(Problem details) All of the data below should be repeated exactly. Pictures should not be included.

(Supplied material)
BEGIN
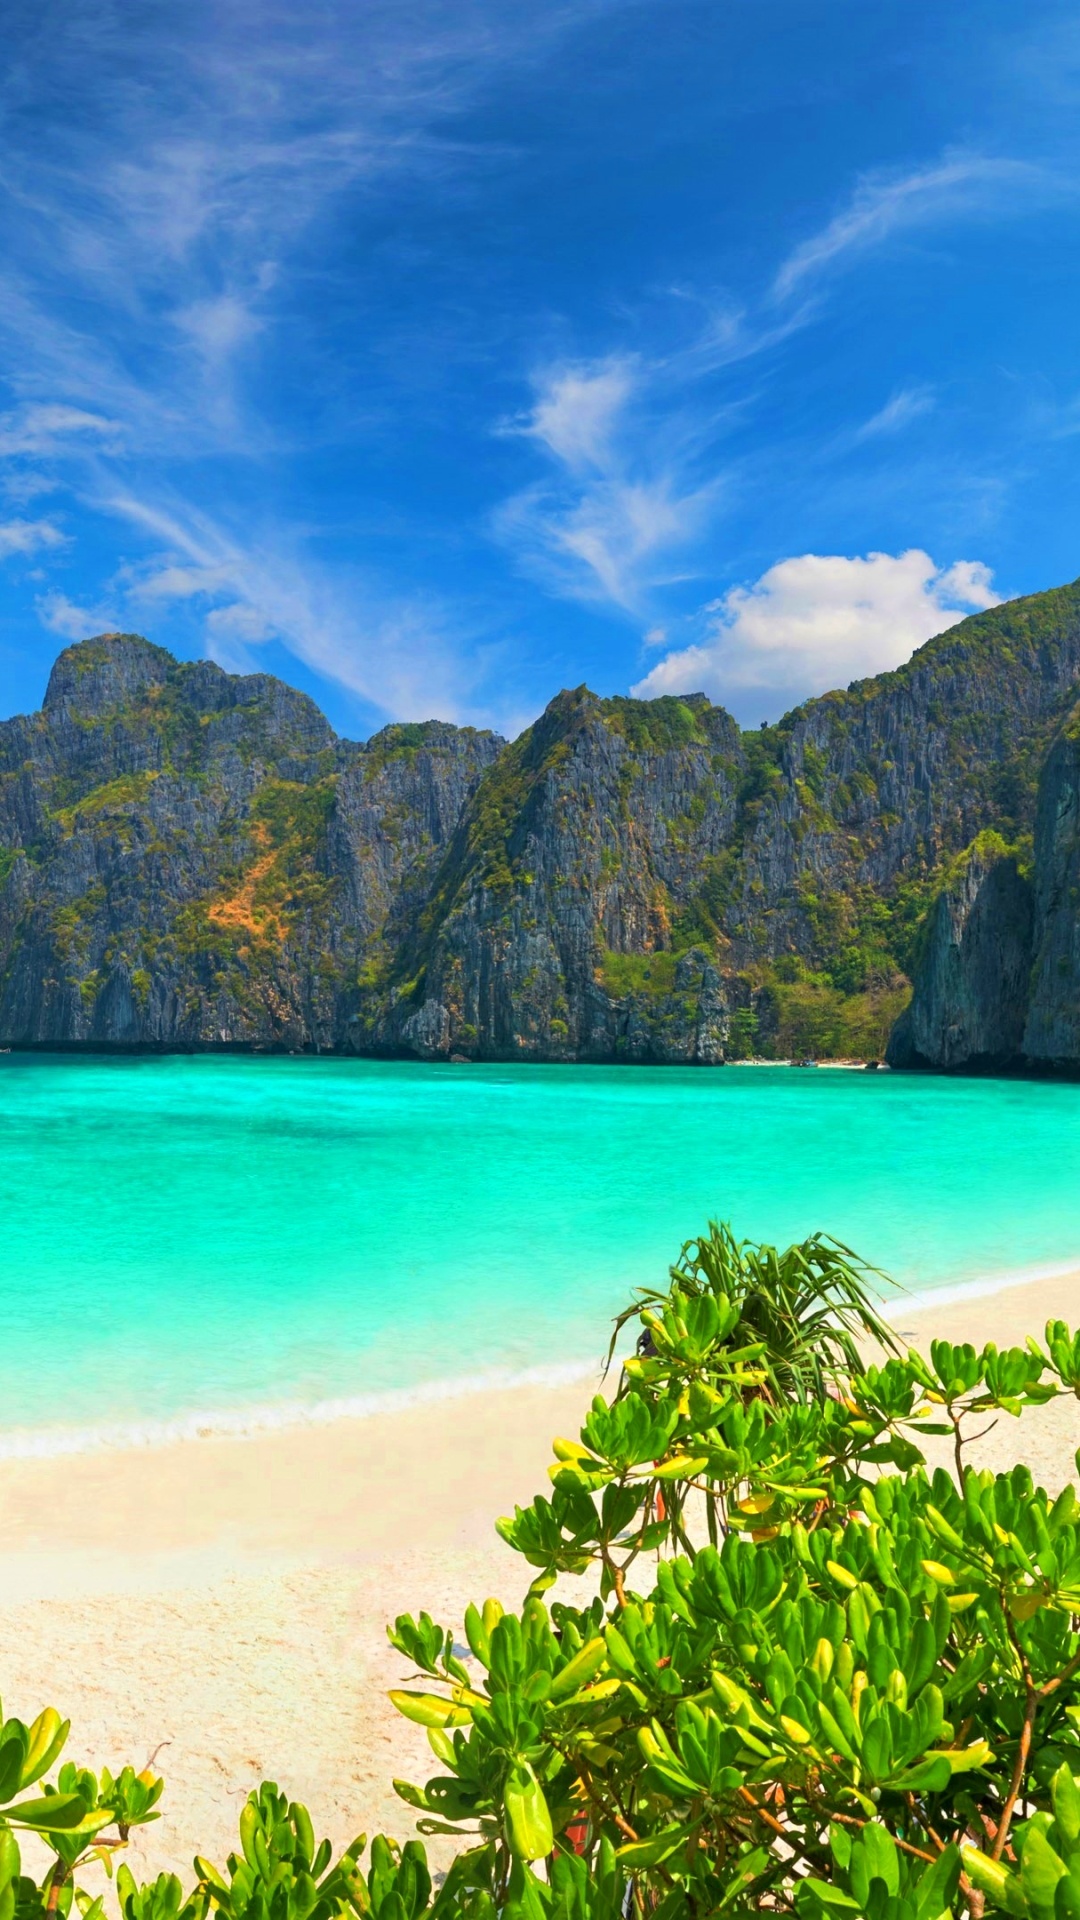 Скачать обои Остров Пхи Пхи на телефон бесплатно
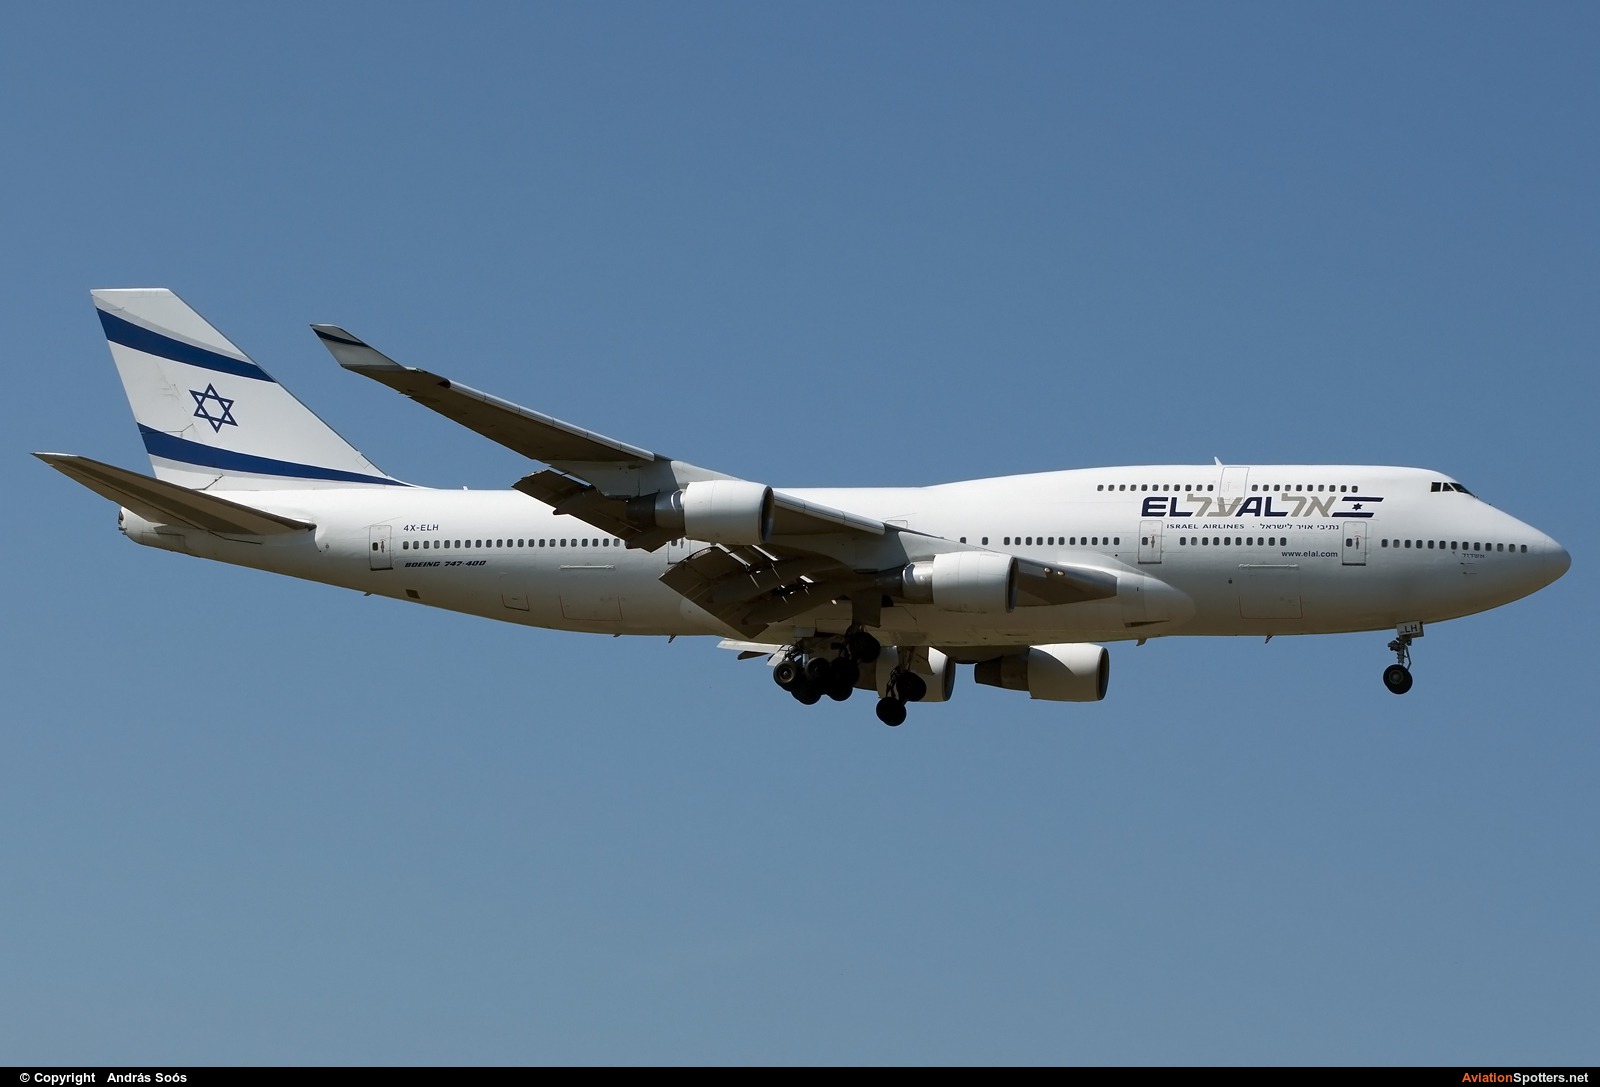 El Al Israel Airlines  -  747-400  (4X-ELH) By András Soós (sas1965)
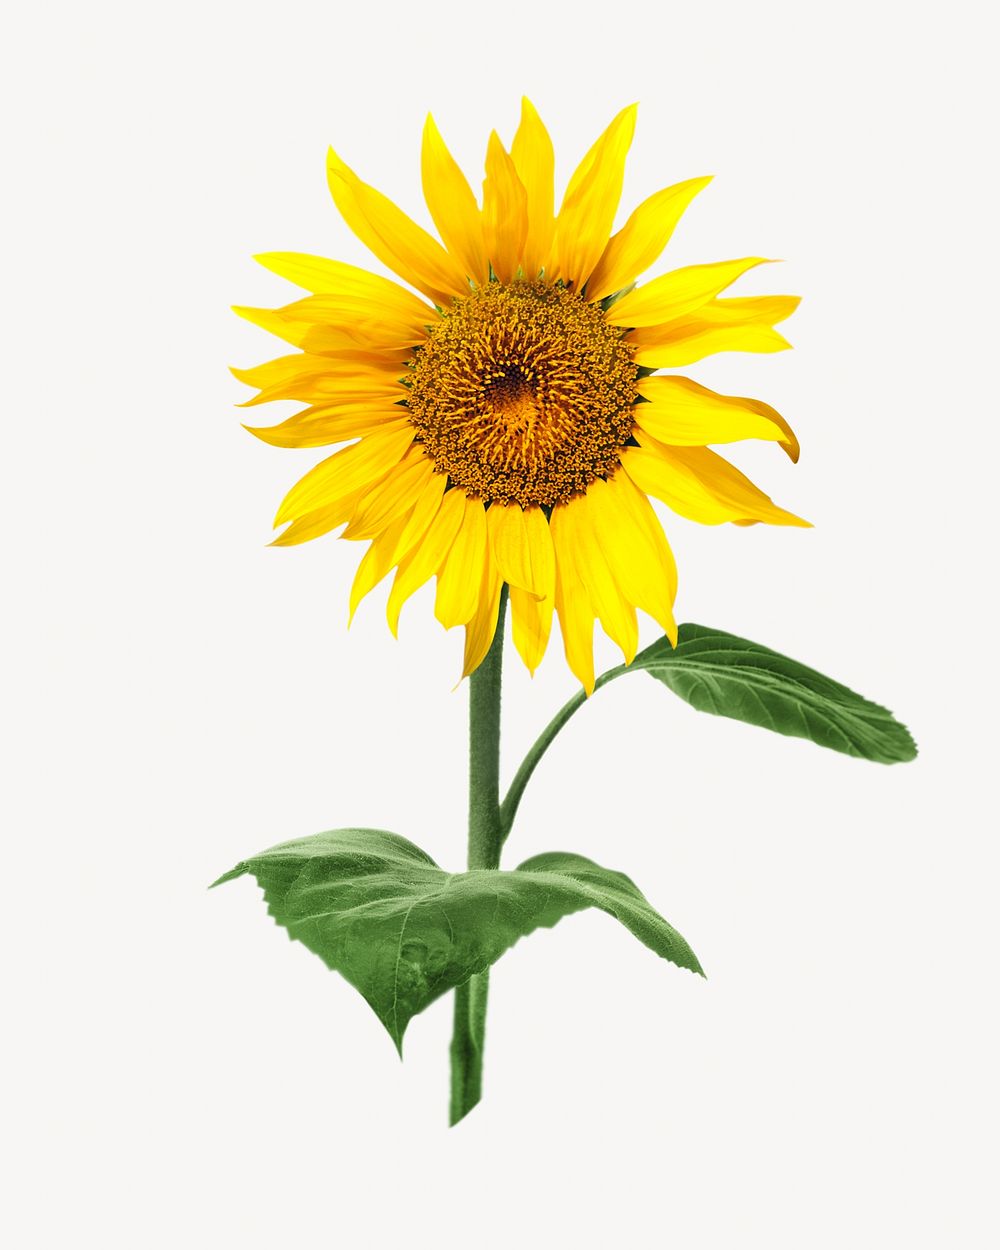 Sunflower isolated image
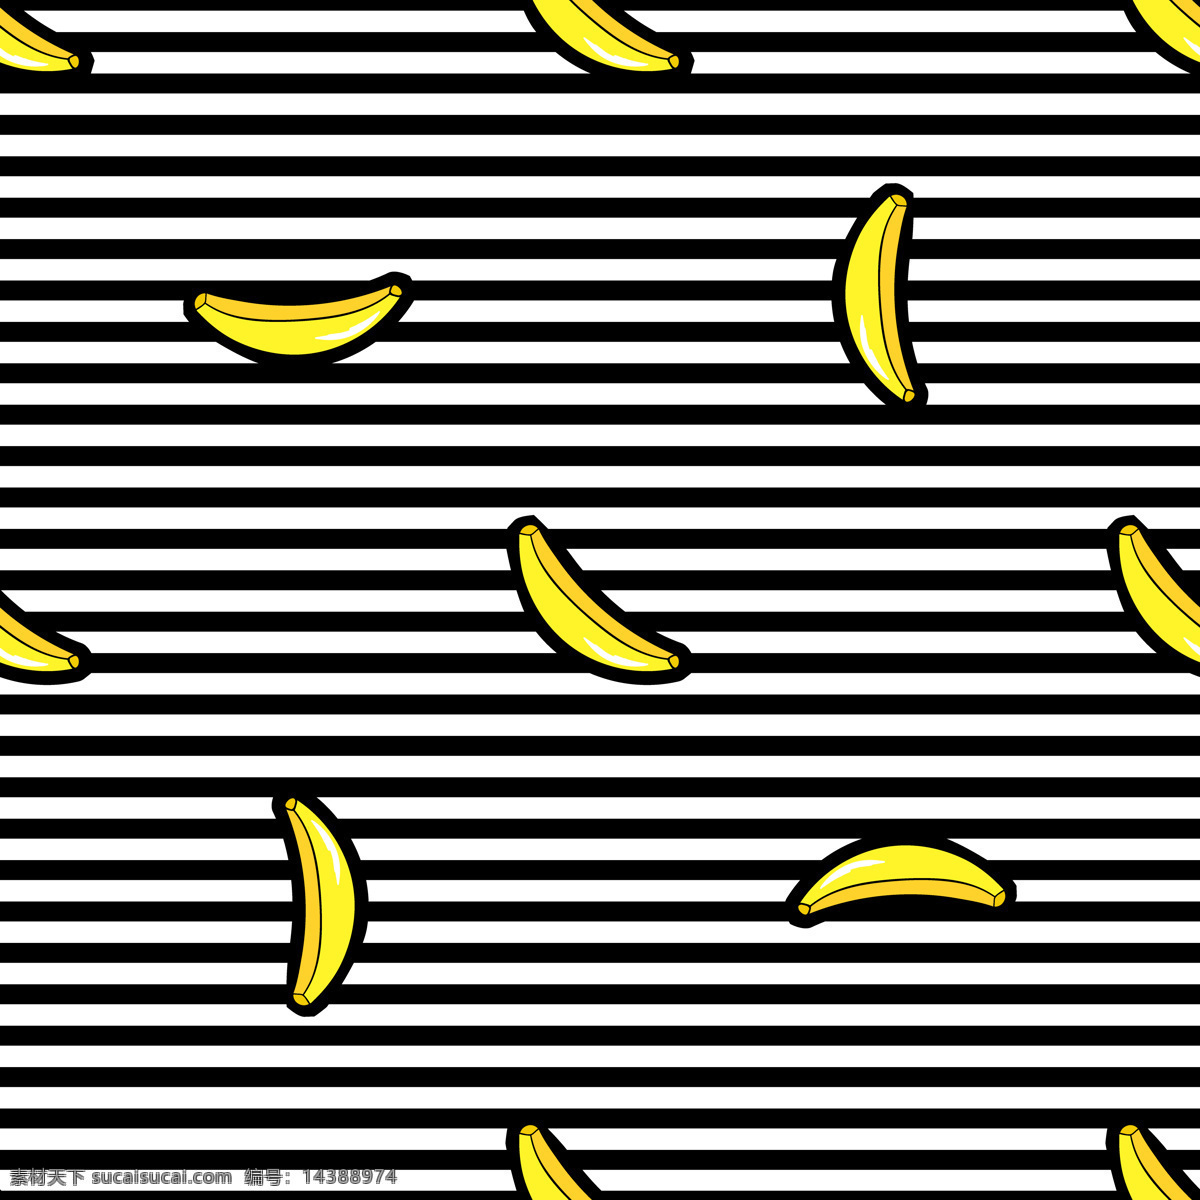 时尚潮流 印花 图案 创意 热带风格 嘴唇 日韩 香蕉 涂鸦 背景设计 矢量图案 喜欢 衣服印花 水果 可爱 卡通 嘻哈 动漫动画
END
(Exercise response)
 Скачать обои Остров Пхи Пхи на телефон бесплатно
 El Al Israel Airlines  -  747-400  (4X-ELH) By András Soós (sas1965)
 Sunflower isolated image
 时尚潮流 印花 图案 创意 热带风格 嘴唇 日韩 香蕉 涂鸦 背景设计 矢量图案 喜欢 衣服印花 水果 可爱 卡通 嘻哈 动漫动画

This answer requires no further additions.